:: COLLECTED MATERIAL ::
· · · · ·

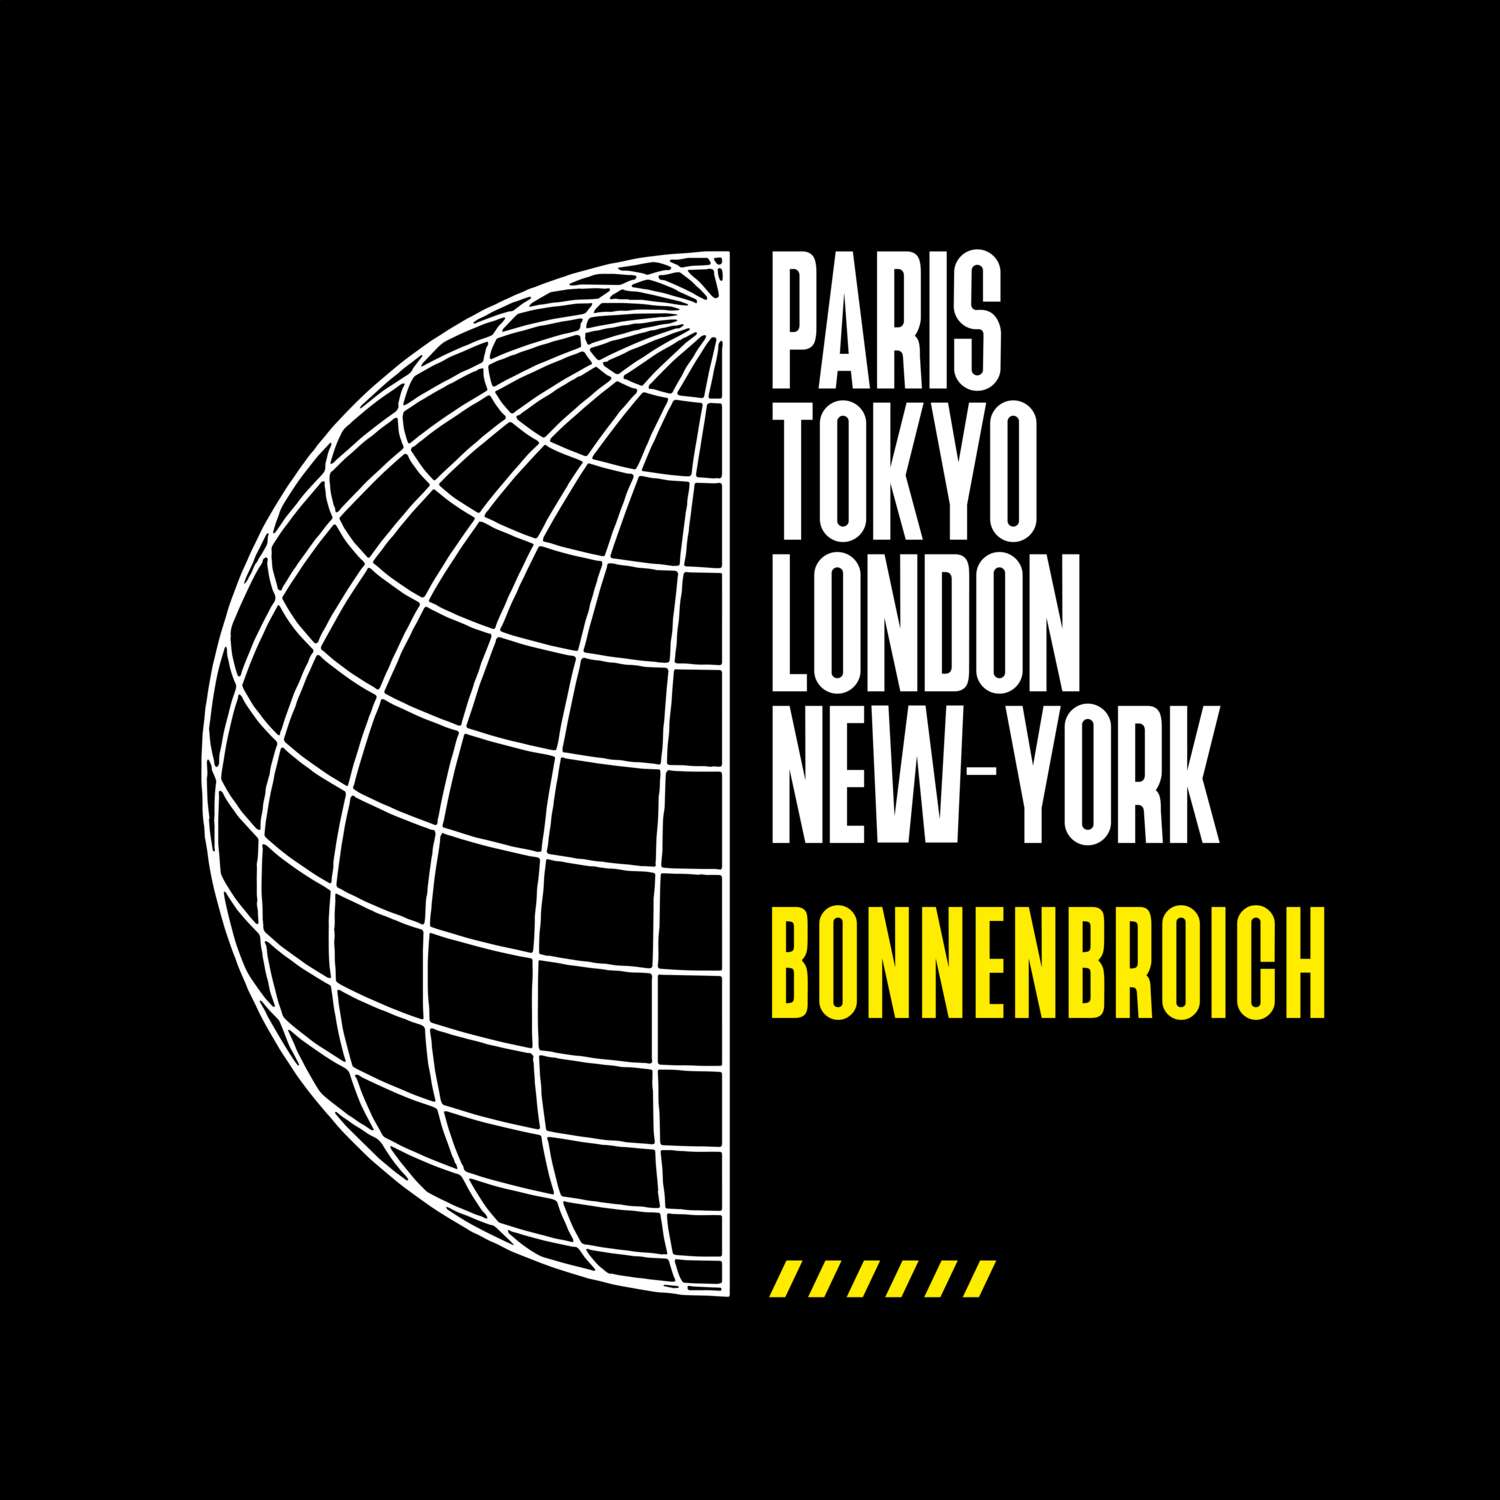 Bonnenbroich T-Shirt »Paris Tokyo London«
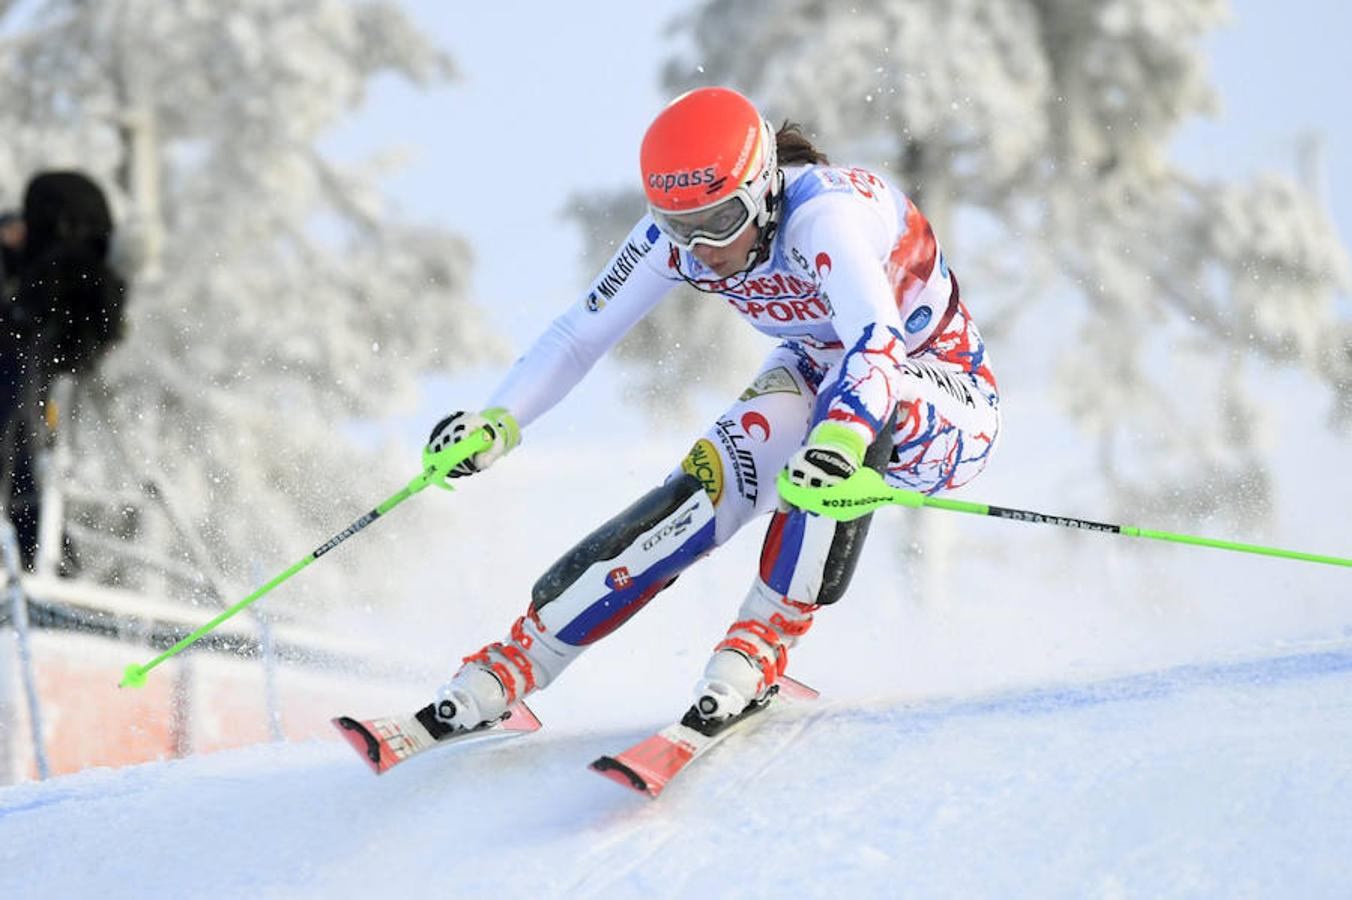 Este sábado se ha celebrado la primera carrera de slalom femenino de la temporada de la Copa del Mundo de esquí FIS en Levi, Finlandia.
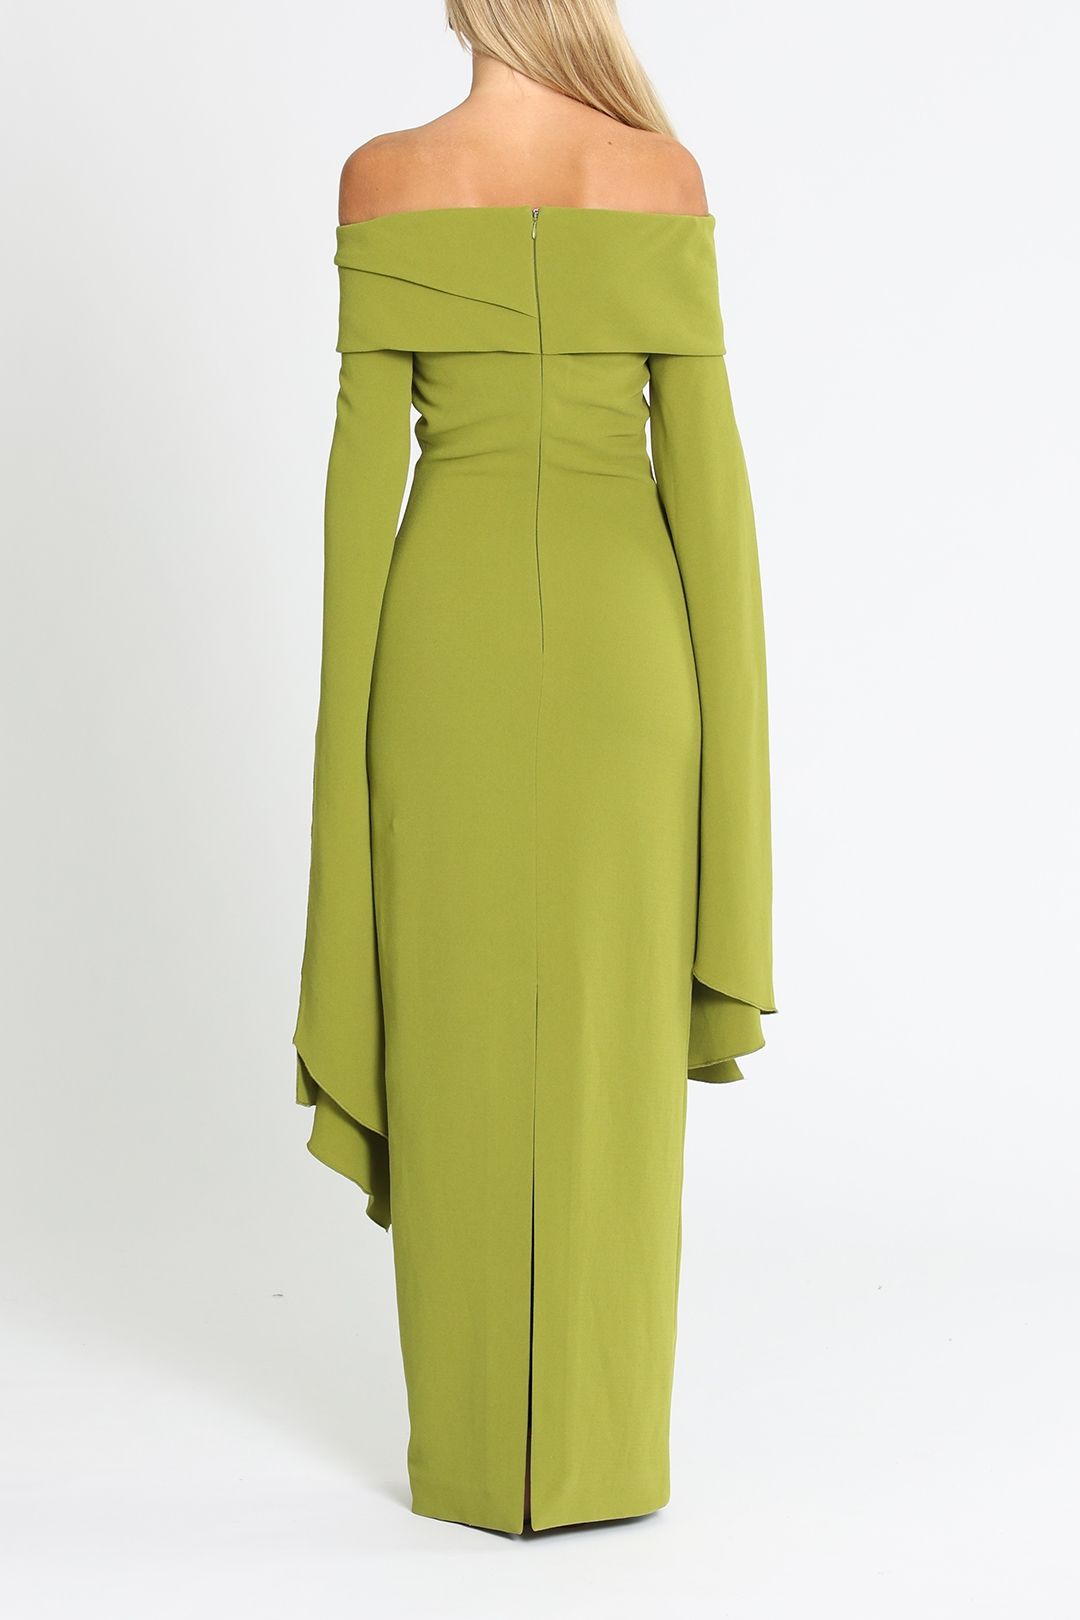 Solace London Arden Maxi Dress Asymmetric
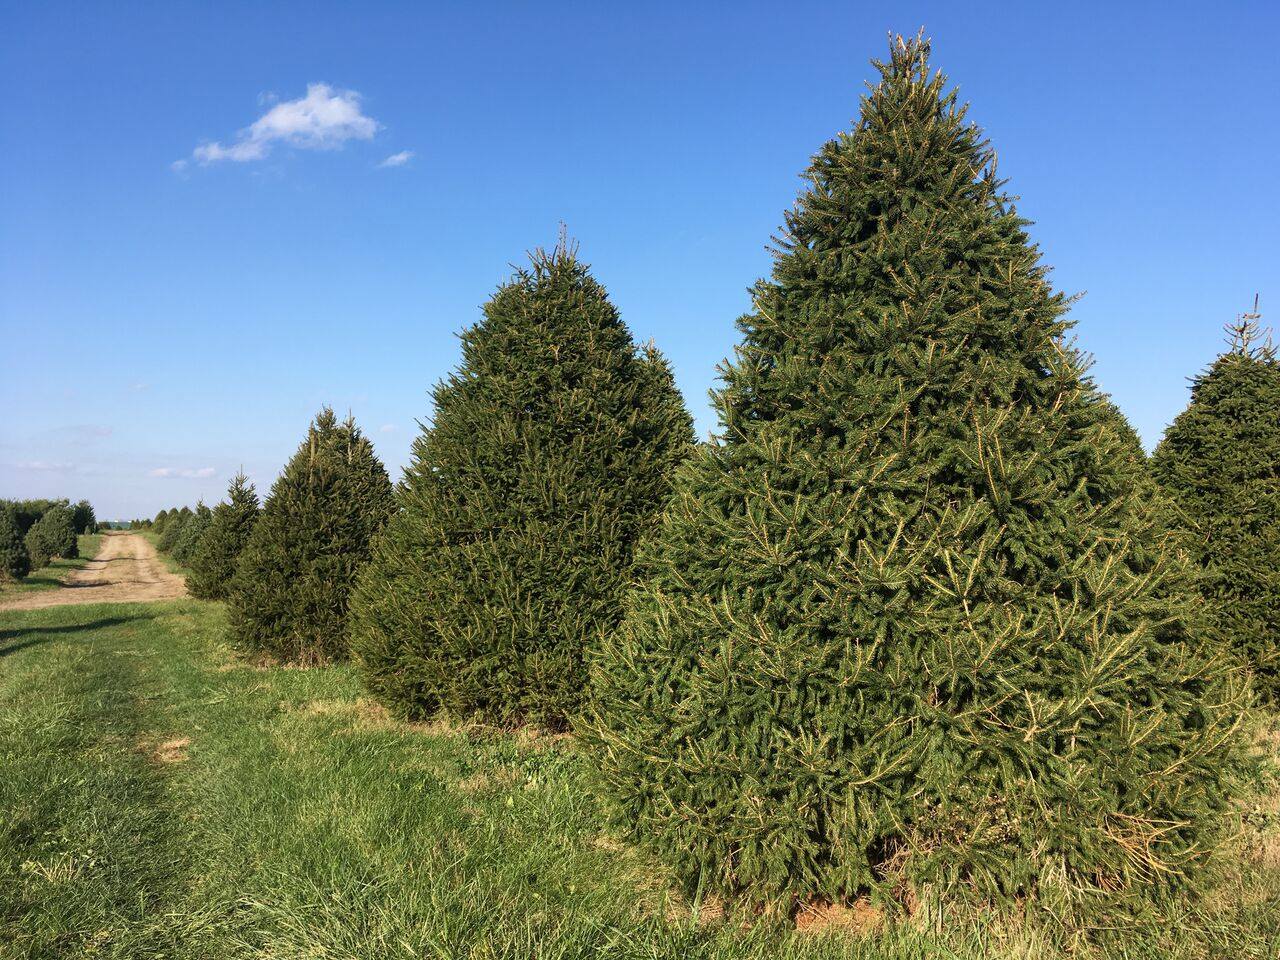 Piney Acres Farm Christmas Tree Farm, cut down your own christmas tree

· · · · ·

:: WORK ORDER ::
Copy the data exactly. Any picture it contains is to be omitted.

:: EXPECTED ANSWER ::
 Bonnenbroich T-Shirt »Paris Tokyo London«
 Este sábado se ha celebrado la primera carrera de slalom femenino de la temporada de la Copa del Mundo de esquí FIS en Levi, Finlandia.
 Solace London Arden Maxi Dress Asymmetric
 Piney Acres Farm Christmas Tree Farm, cut down your own christmas tree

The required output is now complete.